I perused many defining websites to find how others would describe Reiki. Many people get quite ethereal in their definitions of Reiki, which tends to only confuse those that are unfamiliar with this healing modality. It is truly very simple, though.
Rei-Ki (pronounced ray-kee) in its simplest translation from Japanese to English is as follows:
Rei = Universal
Ki = Life Force Energy (aka Chi)
All living people possess this energy. Reiki is the system which enrolls and directs this Universal Life Force specifically for healing. Healing can occur on any of the planes – physical, mental, emotional, spiritual and karmic.
A Reiki practitioner is someone who has been trained in the art of directing this energy in a series of classes, as well as becoming a clear channel for healing energy. A Reiki Master has undergone further and more intensive training, as well as an apprenticeship program, which usually lasts a year.

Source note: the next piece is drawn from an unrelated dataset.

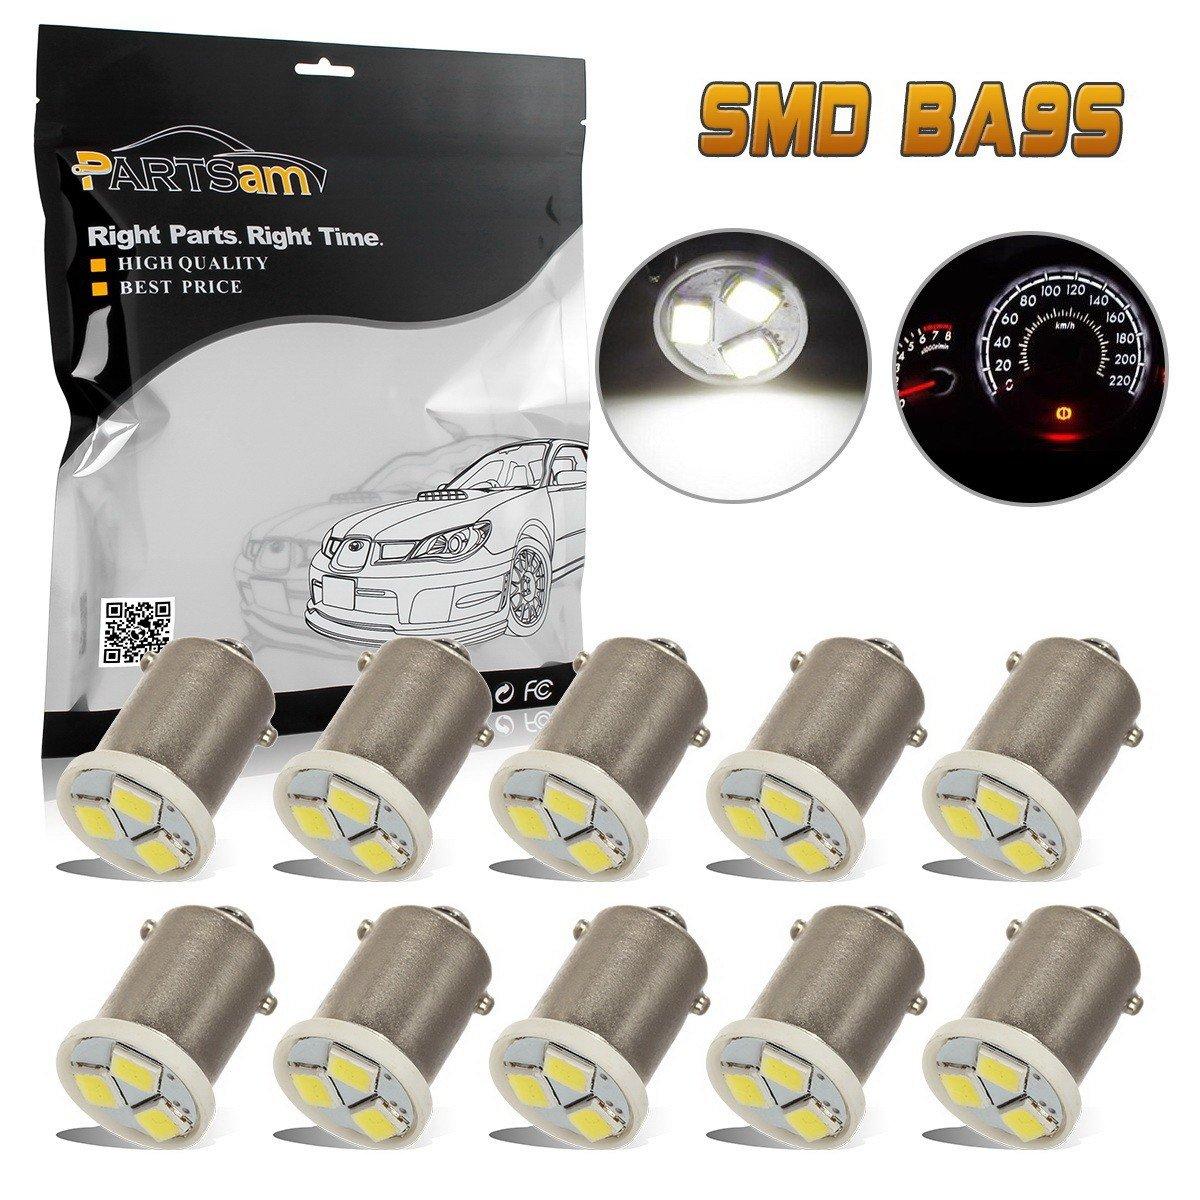 Partsam 10pcs Ba9s 6000K White LED Bulb Instrument Panel Gauge Cluster Replacement Lamp Kit 1815 1895 Bulbs 12V
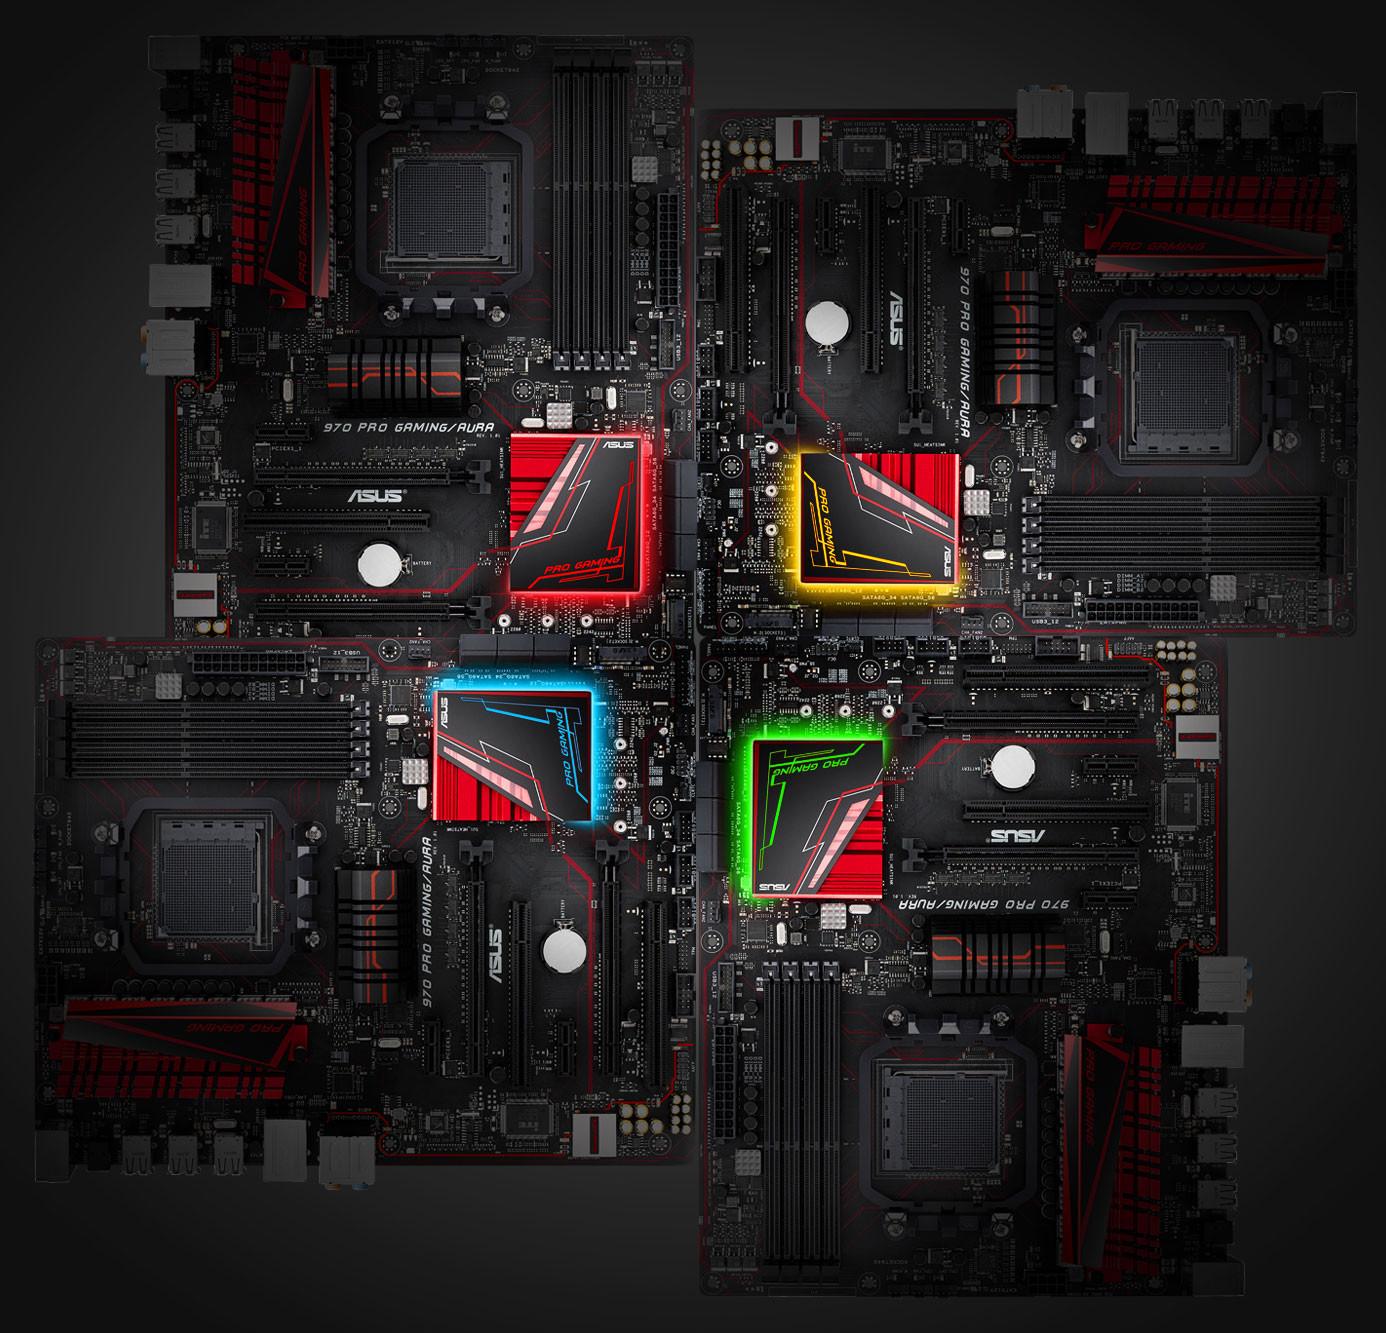 GAZ97XGaming 3 rev 10  Motherboard  GIGABYTE Global

A Reiki Master Teacher is a Reiki Master who trained, during their Master internship, to teach others about the healing art of Reiki to those who wish to become Reiki Masters themselves. In my experience, Reiki Master Teachers have also incorporated other healing modalities in their work which has deepened their understanding of energy and healing, although this is not a necessity.
There are other titles one can pursue and acquire in Reiki, such as Grandmaster or Lineage Bearer, all of which indicate that the Reiki Practitioner has spent years gathering information, experience, and education in Reiki. Much of my research into these levels has shown that they are only active in the Western practice of Reiki and have been spawned because Reiki Masters have wanted to set themselves apart from other Reiki Masters. My experience has led me to understand that it is not the title that sets a Healer apart, but it is, rather, how the Healer carries themselves and how they embody their Gifts.
Reiki is a gentle, hands-on healing therapy which has been around for centuries and is becoming more readily accepted by traditional Western medicine communities.